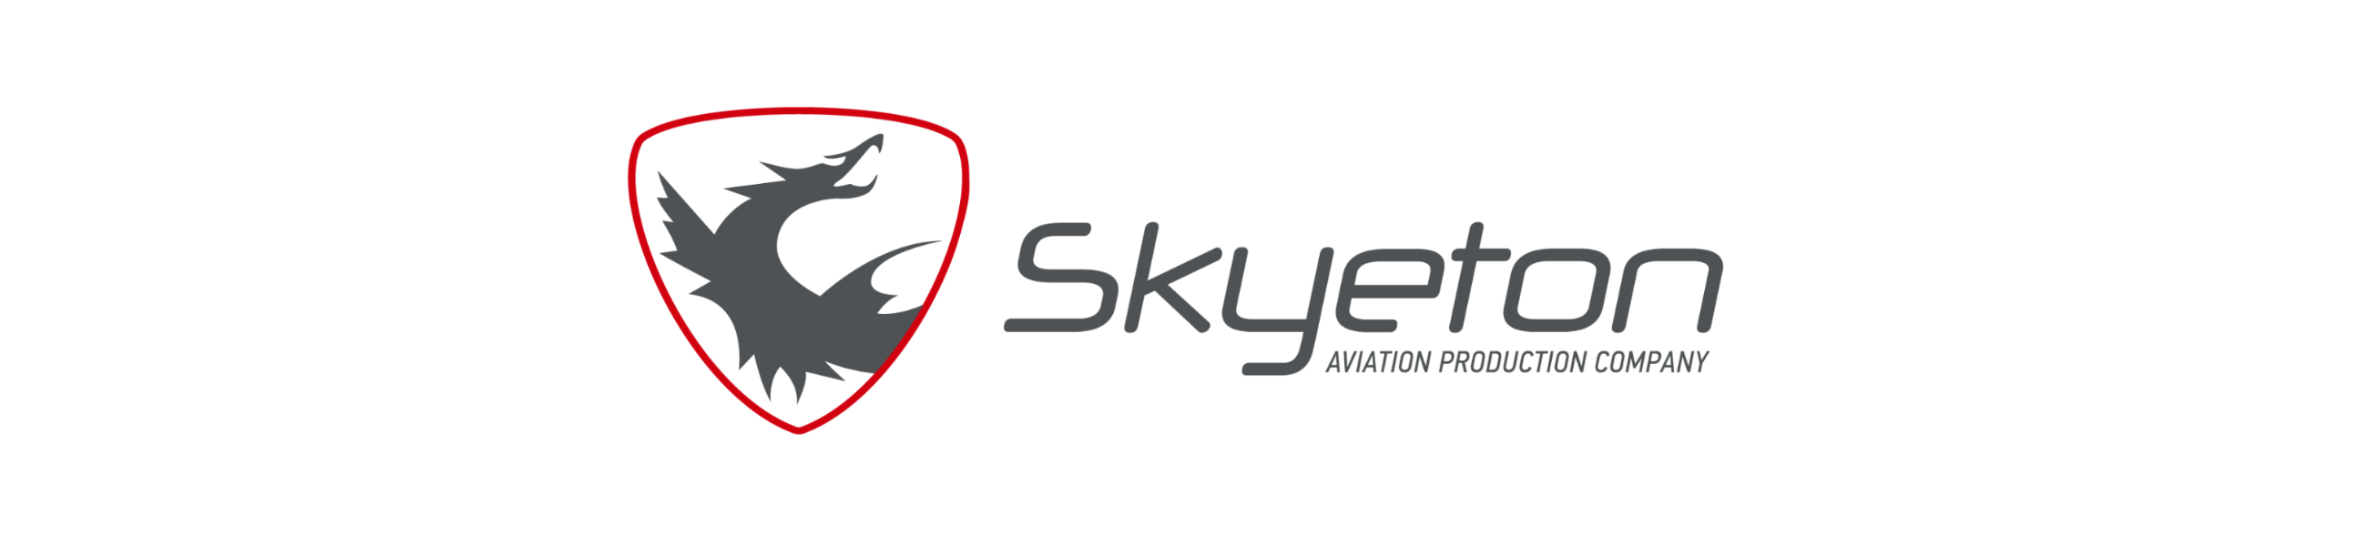 logo-skyeton-printing.png
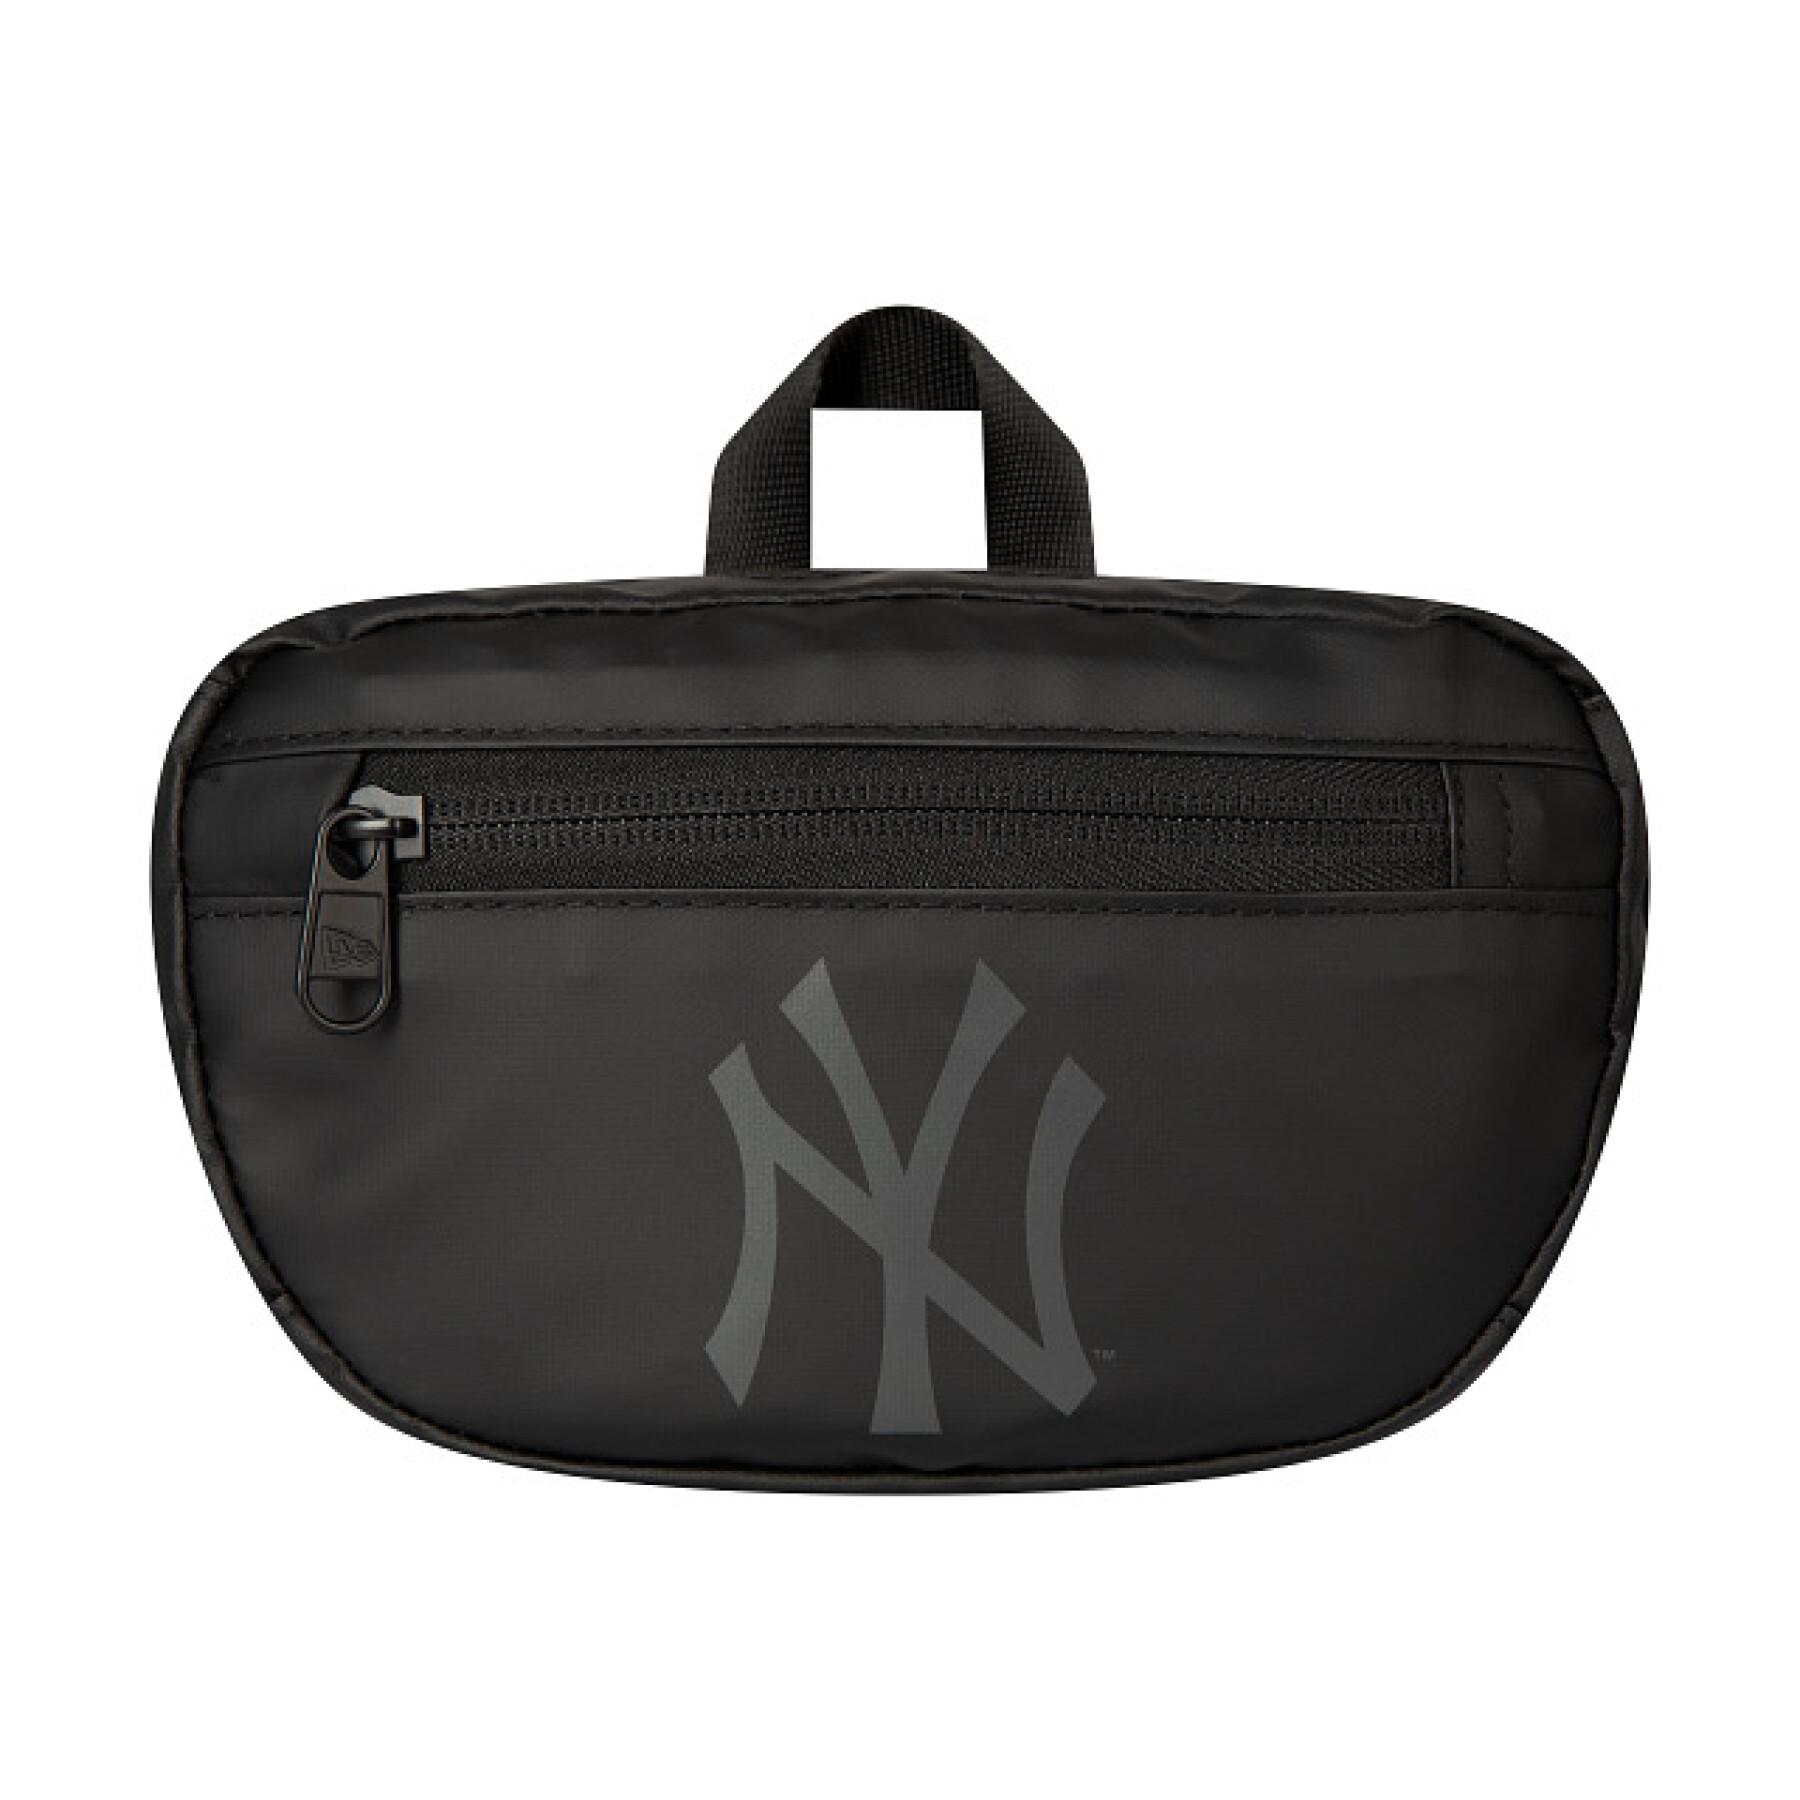 New era MLB Mini Pouch New York Yankees Backpack Black
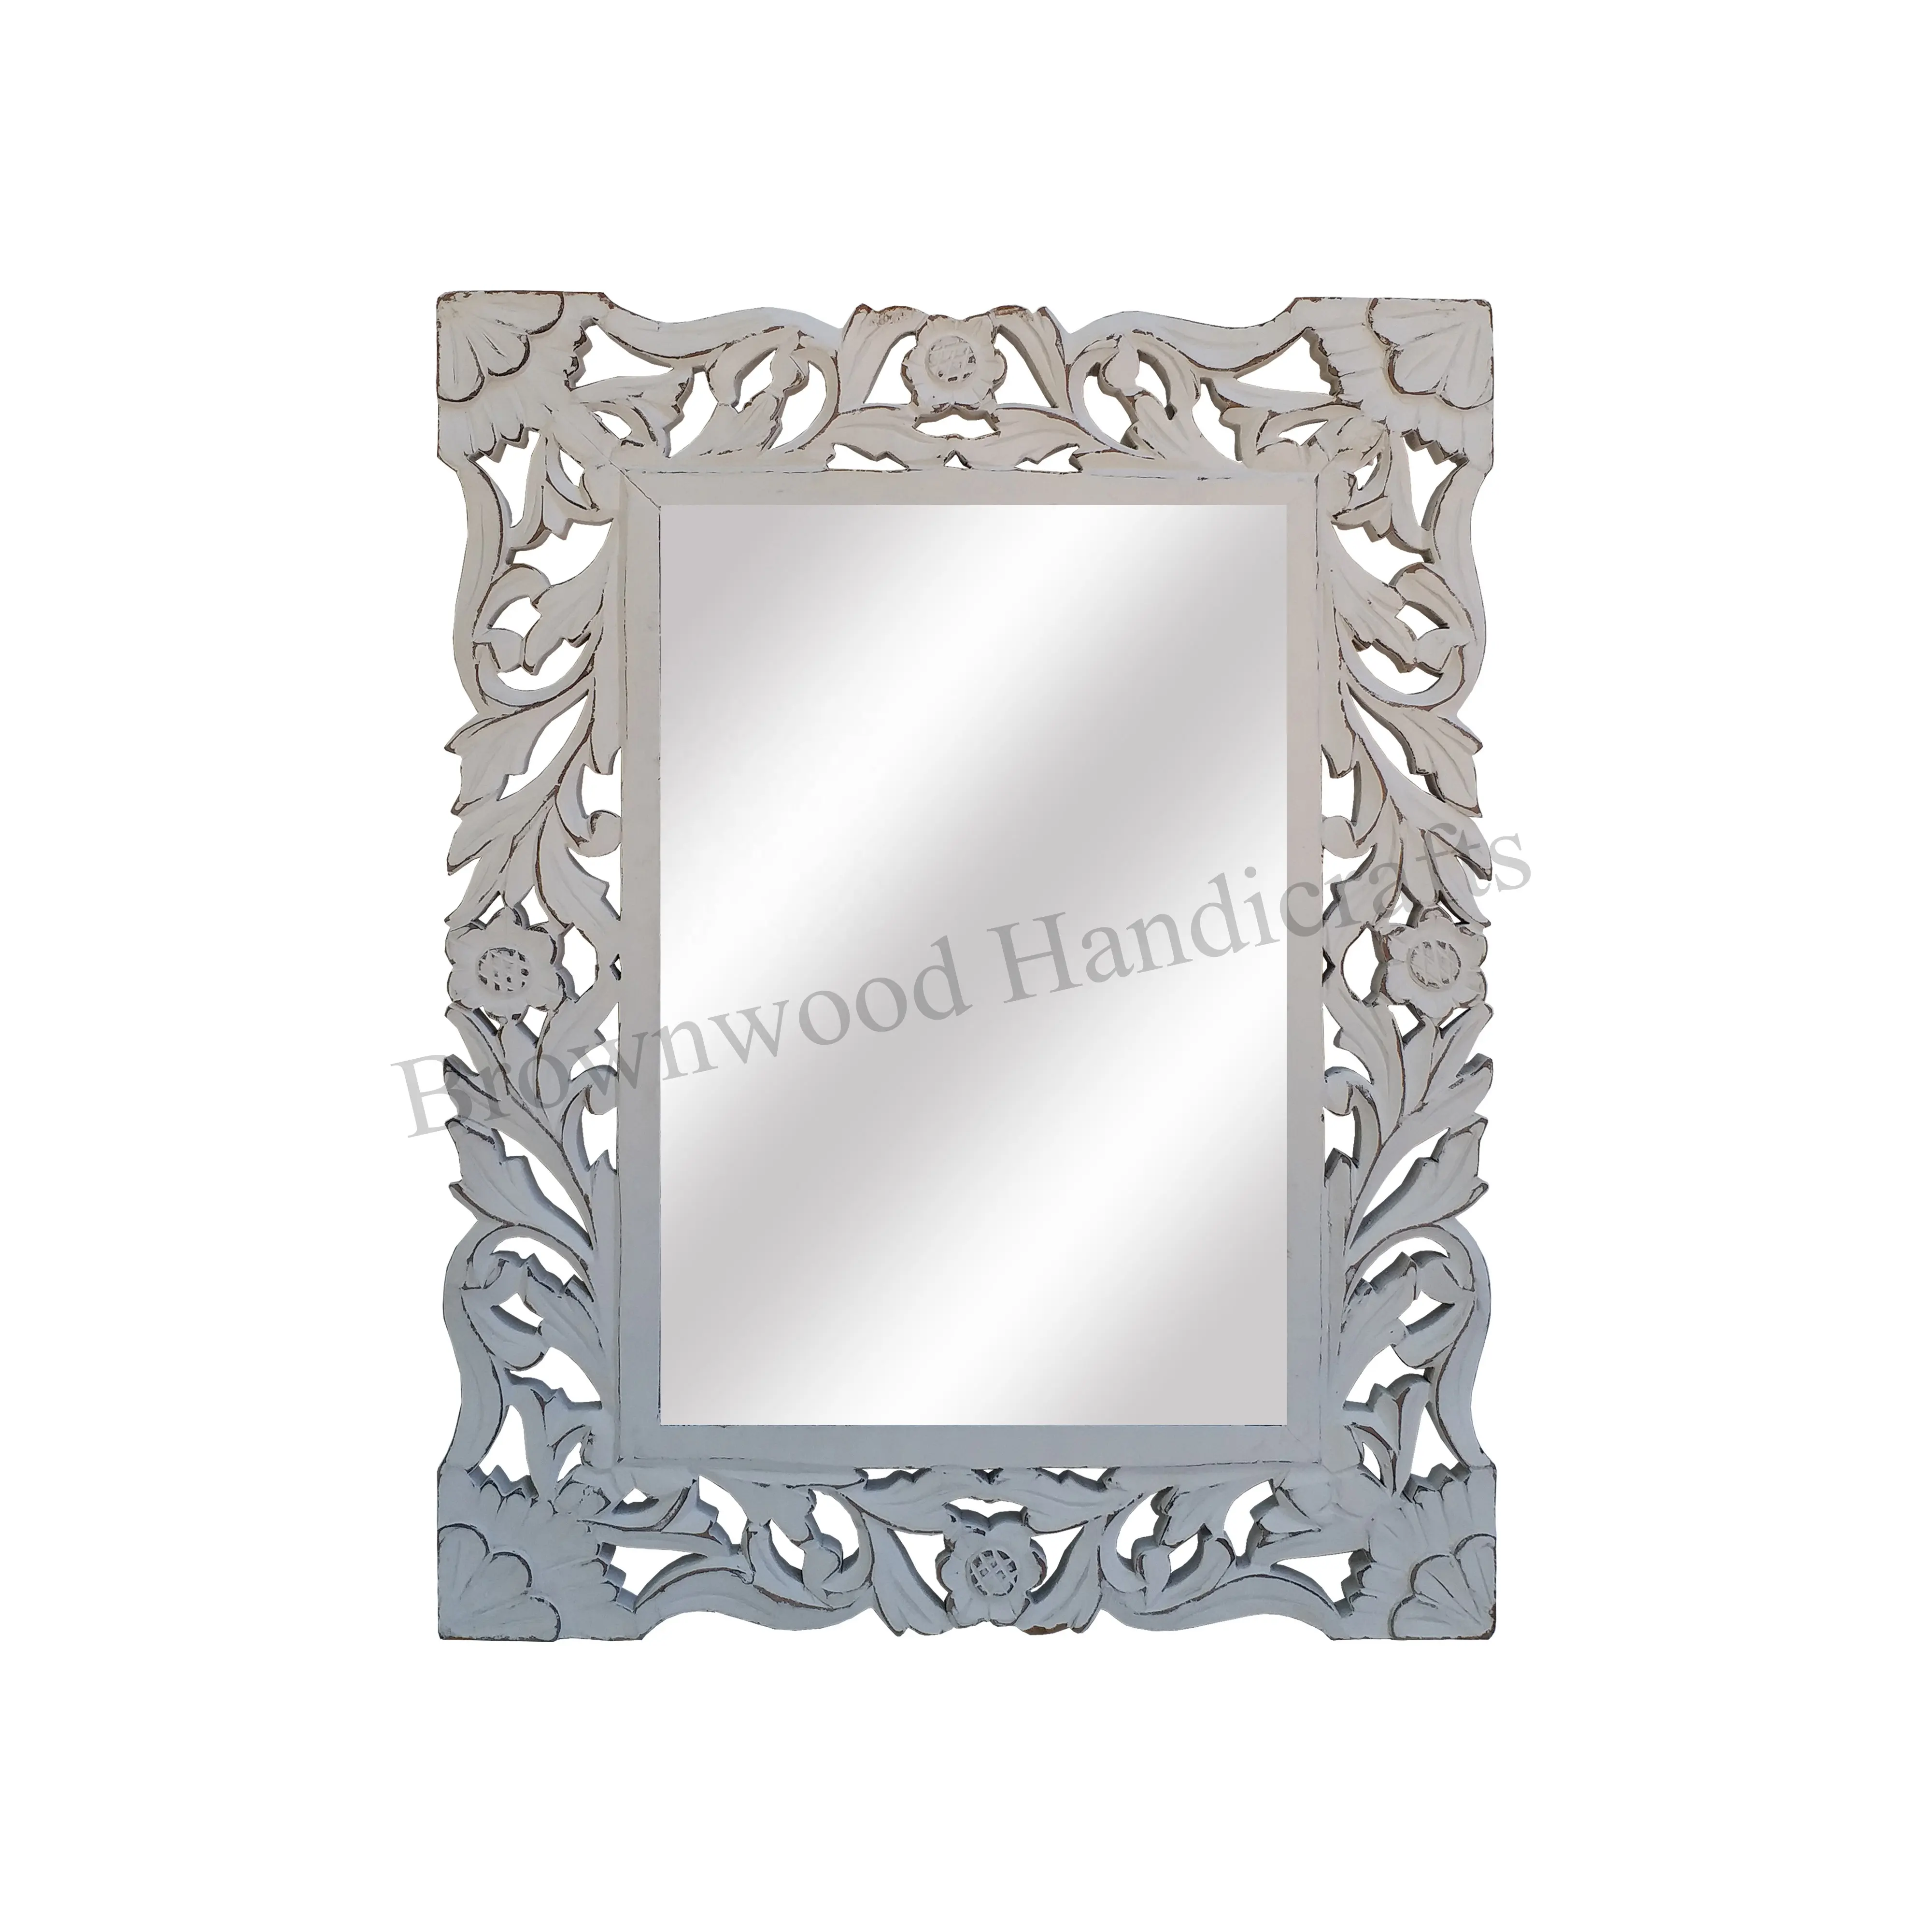 Marco de espejo de madera MDF rectangular de diseño antiguo de tendencia superior para decoración de pared marcos de espejo de tocador de madera tallada Floral

Work request: Print the lines from the one that contains "New era MLB" through the final line of the material above, exactly and only those, with pictures left out.

Your response:
 New era MLB Mini Pouch New York Yankees Backpack Black
 Marco de espejo de madera MDF rectangular de diseño antiguo de tendencia superior para decoración de pared marcos de espejo de tocador de madera tallada Floral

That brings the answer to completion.